As is often the case, Susan thought she didn't understand this idea, but actually did.
Susan: This Display stuff... I don't get it. Do you also have to write the code the classes need to display data on the screen?
Before we get to the code for the Display function, let's take a look at the first few lines of the implementation file for this new version of the string class, which is shown in Figure 8.9.
Figure 8.9. The first few lines of the latest implementation of the string class (from string3.cpp)
#include <iostream> #include <string.h> using std::cout; |
The first two lines of this file aren't anything new: all they do is specify two header files from the standard C++ library to allow us to access the streams and C string functions from that library. But the third line, “using std::cout;” is new. What does it do?
Up until now, our only use of using has been to import all the names from the std namespace, where the names from the standard library are defined. When we are writing our own string class, however, we can't import all those names without causing confusion between our own string class and the one from the standard library.
Luckily, there is a way to import only specific names from the standard library. That's what that line does: it tells the compiler to import the specific name cout from the standard library. Therefore, whenever we refer to cout without qualifying which cout we mean, the compiler will include std::cout in the list of possible matches for that name. We'll have to do that once in a while, whenever we want to use some standard library names, and some of our own.
Susan had some questions about this new use of using.
Susan: What does this new using thing do that's different from the old one?
Steve: When we say using namespace std;, that means that we want all the names from the standard library to be “imported” into the present scope. In this case, however, we don't want it to do that because we have written our own string class. If we wrote using namespace std;, the compiler would get confused between the standard library string class and our string class. For that reason, we will just tell the compiler about individual names from the standard library that we want it to import, rather than doing it wholesale.
Now that that's cleared up, let's look at the implementation of this new member function, Display, in Figure 8.10.
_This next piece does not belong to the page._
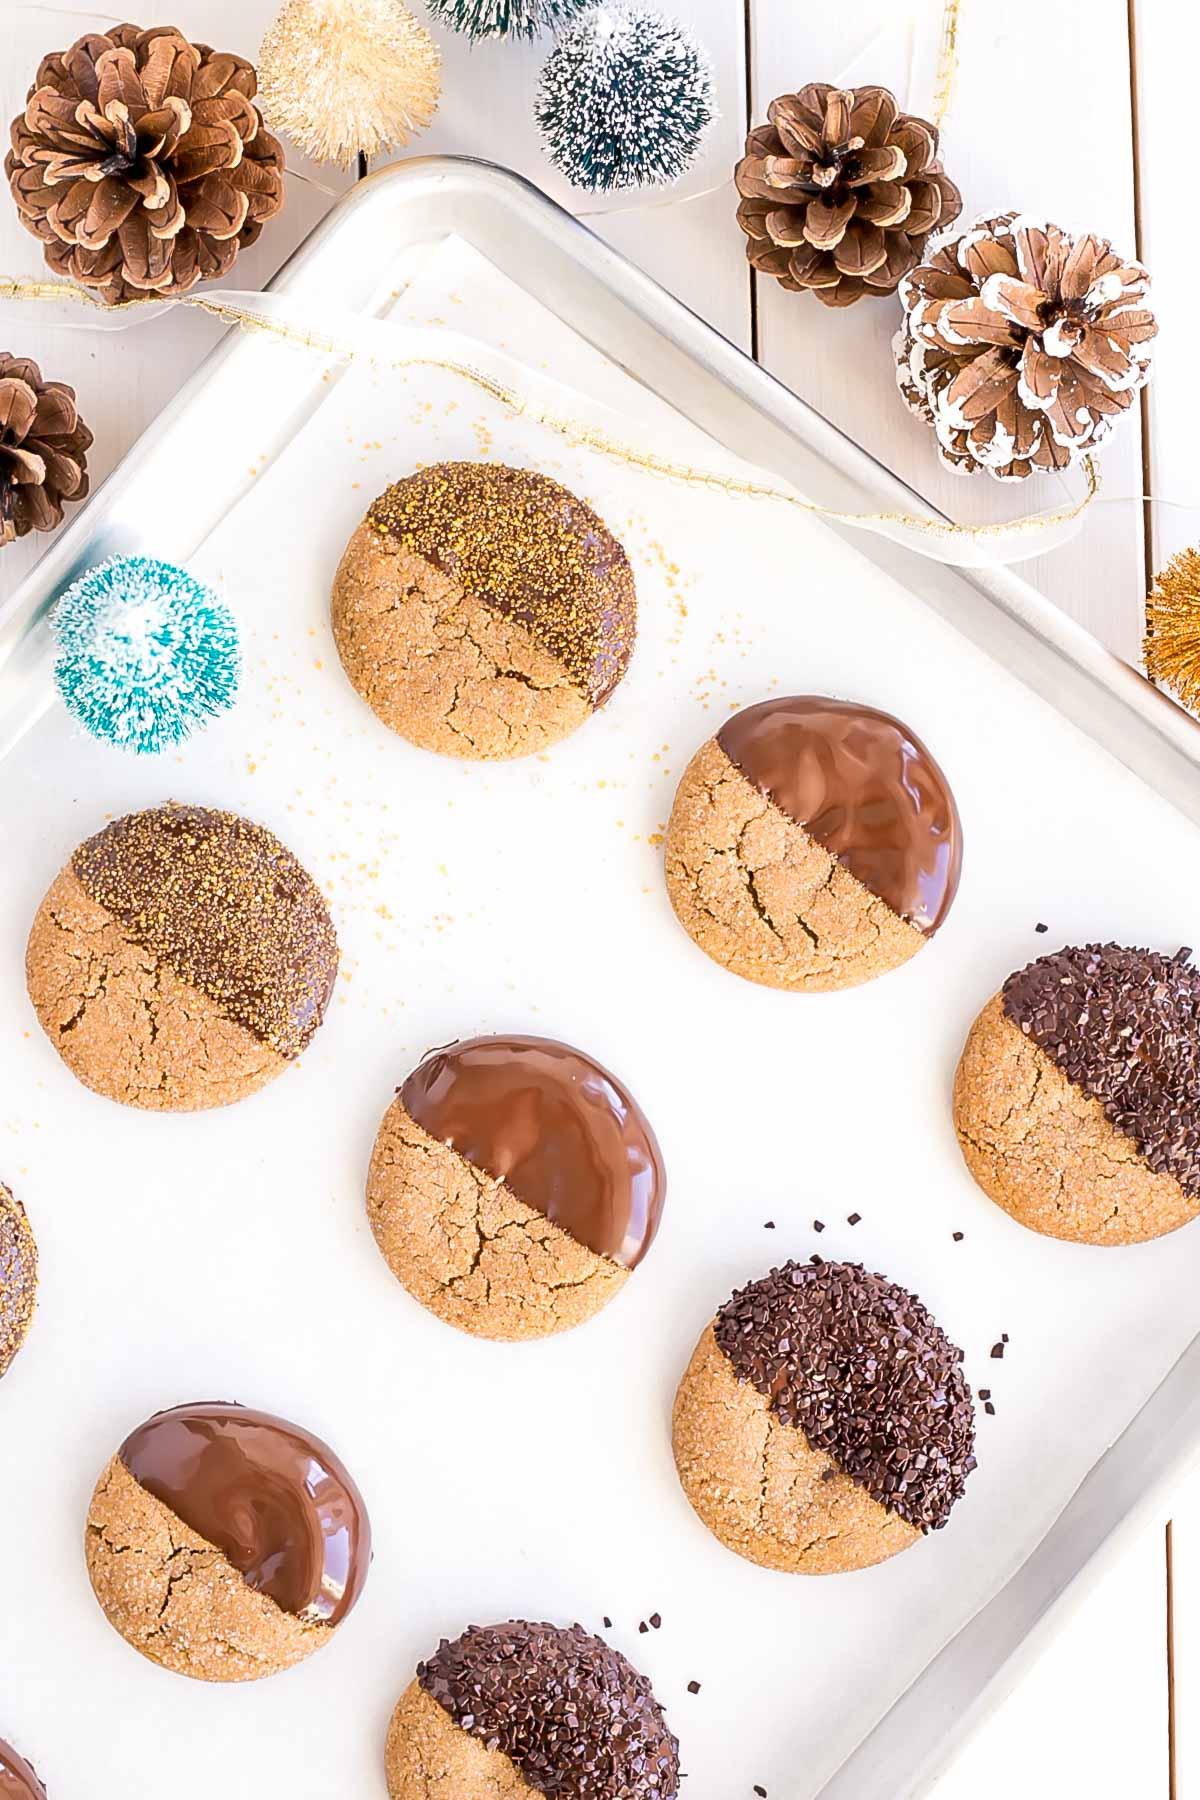 10 Yummy Gingerbread Cookies

Figure 8.10. The string class implementation of the Display function (from string3.cpp)
void string::Display()
{
short i;
for (i = 0; i < m_Length-1; i ++)
cout << m_Data[i];
}
|
This should be looking almost sensible by now; here's the detailed analysis. We start out with the function declaration, which says we're defining a void function (i.e., one that returns no value) that is a member function of the class string. This function is named Display, and it takes no arguments. Then we define a short called i. The main part of the function is a for loop, which is executed with the index starting at 0 and incremented by one for each character, as usual. The for loop continues while the index is less than the number of displayable characters that we use to store the value of our string; of course, we don't need to display the null byte at the end of the string. So far, so good. Now comes the tricky part. The next statement, which is the controlled block of the for loop, says to send something to cout; that is, display it on the screen. This makes sense, because after all that's the purpose of this function. But what is it that is being sent to cout?
The Array
It's just a char but that may not be obvious from the way it's written. This expression m_Data[i] looks just like a Vec element, doesn't it? In fact, m_Data[i] is an element, but not of a Vec. Instead, it's an element of an array, the C equivalent of a C++ Vec.
What's an array? Well, it's a bunch of data items (elements) of the same type; in this case, it's an array of chars. The array name, m_Data in this case, corresponds to the address of the first of these elements; the other elements follow the first one immediately in memory. If this sounds familiar, it should; it's very much like Susan's old nemesis, a pointer. However, like a Vec, we can also refer to the individual elements by their indexes; so, m_Data[i] refers to the ith element of the array, which in the case of a char array is, oddly enough, a char.
So now it should be clear that each time through the loop, we're sending out the ith element of the array of chars where we stored our string data.
Susan and I had quite a discussion about this topic, and here it is.
Susan: If this is an array or a Vec (I can't tell which), how does the class know about it if you haven't written a constructor for it?
Steve: Arrays are a native feature of C++, left over from C. Thus, we don't have to (and can't) create a constructor and the like for them.
Susan: The best I can figure out from this discussion is that an array is like a Vec but instead of numbers it indexes char data and uses a pointer to do it?
Steve: Very close. It's just like a Vec except that it's missing some rather important features of a Vec. The most important one from our perspective is that an array doesn't have any error-checking; if you give it a silly index you'll get something back, but exactly what is hard to determine.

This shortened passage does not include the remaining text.